• _EXERCISE PROMPT_:
When you copy the listing, skip the images and return each line verbatim.

• _DATA EXTRACT_:

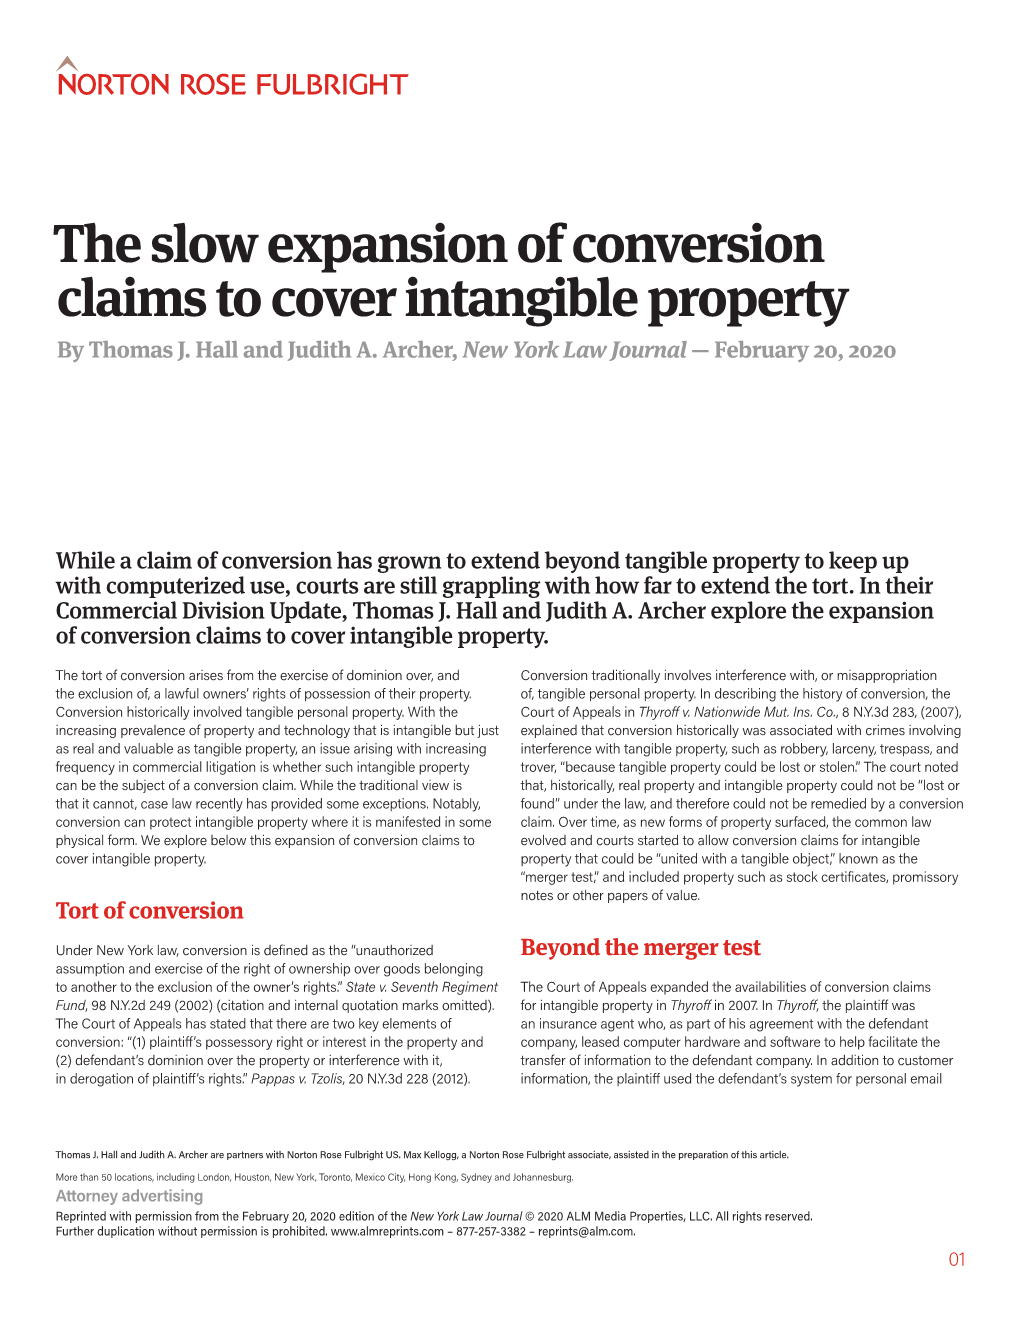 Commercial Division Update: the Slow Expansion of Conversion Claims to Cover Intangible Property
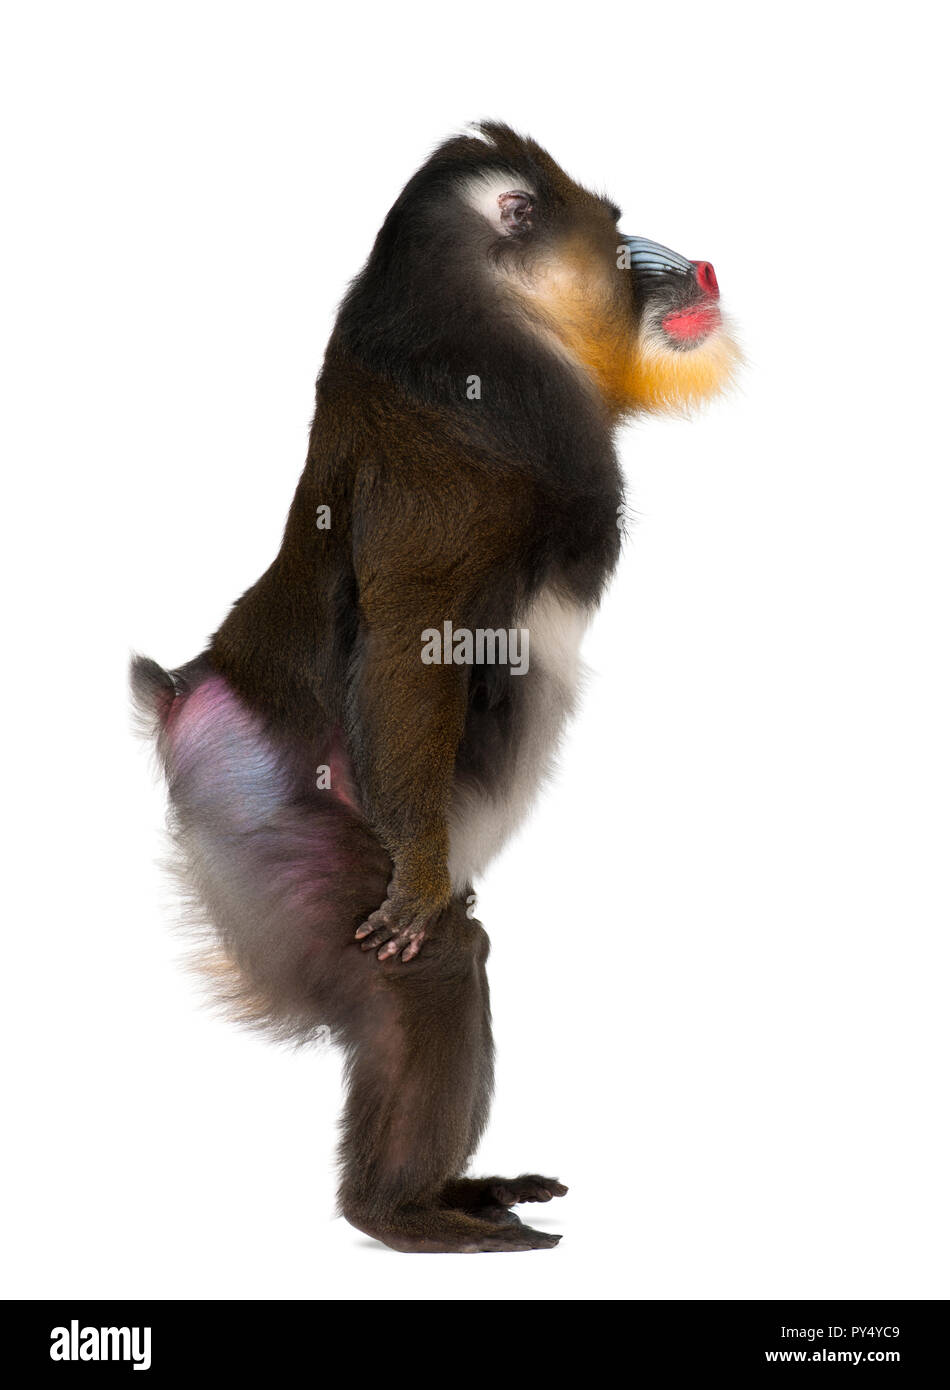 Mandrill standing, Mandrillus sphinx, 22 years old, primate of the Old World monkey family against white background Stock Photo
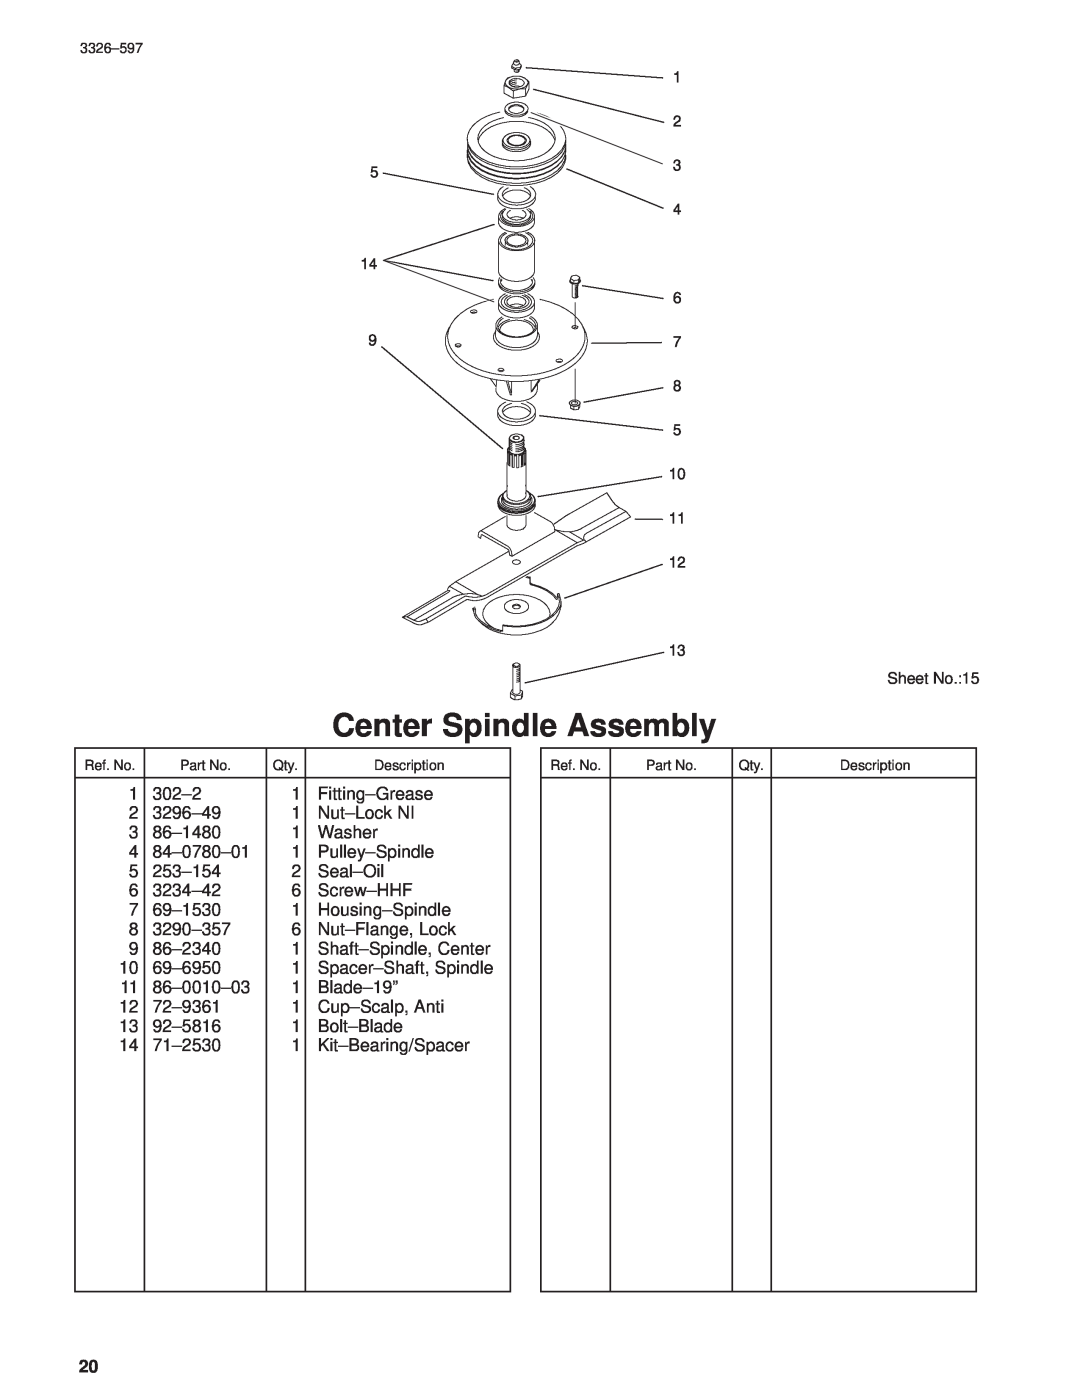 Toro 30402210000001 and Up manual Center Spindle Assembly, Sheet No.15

• _EXERCISE RESPONSE_:
 Commercial Division Update: the Slow Expansion of Conversion Claims to Cover Intangible Property
 Mandrill standing, Mandrillus sphinx, 22 years old, primate of the Old World monkey family against white background Stock Photo
 Toro 30402210000001 and Up manual Center Spindle Assembly, Sheet No.15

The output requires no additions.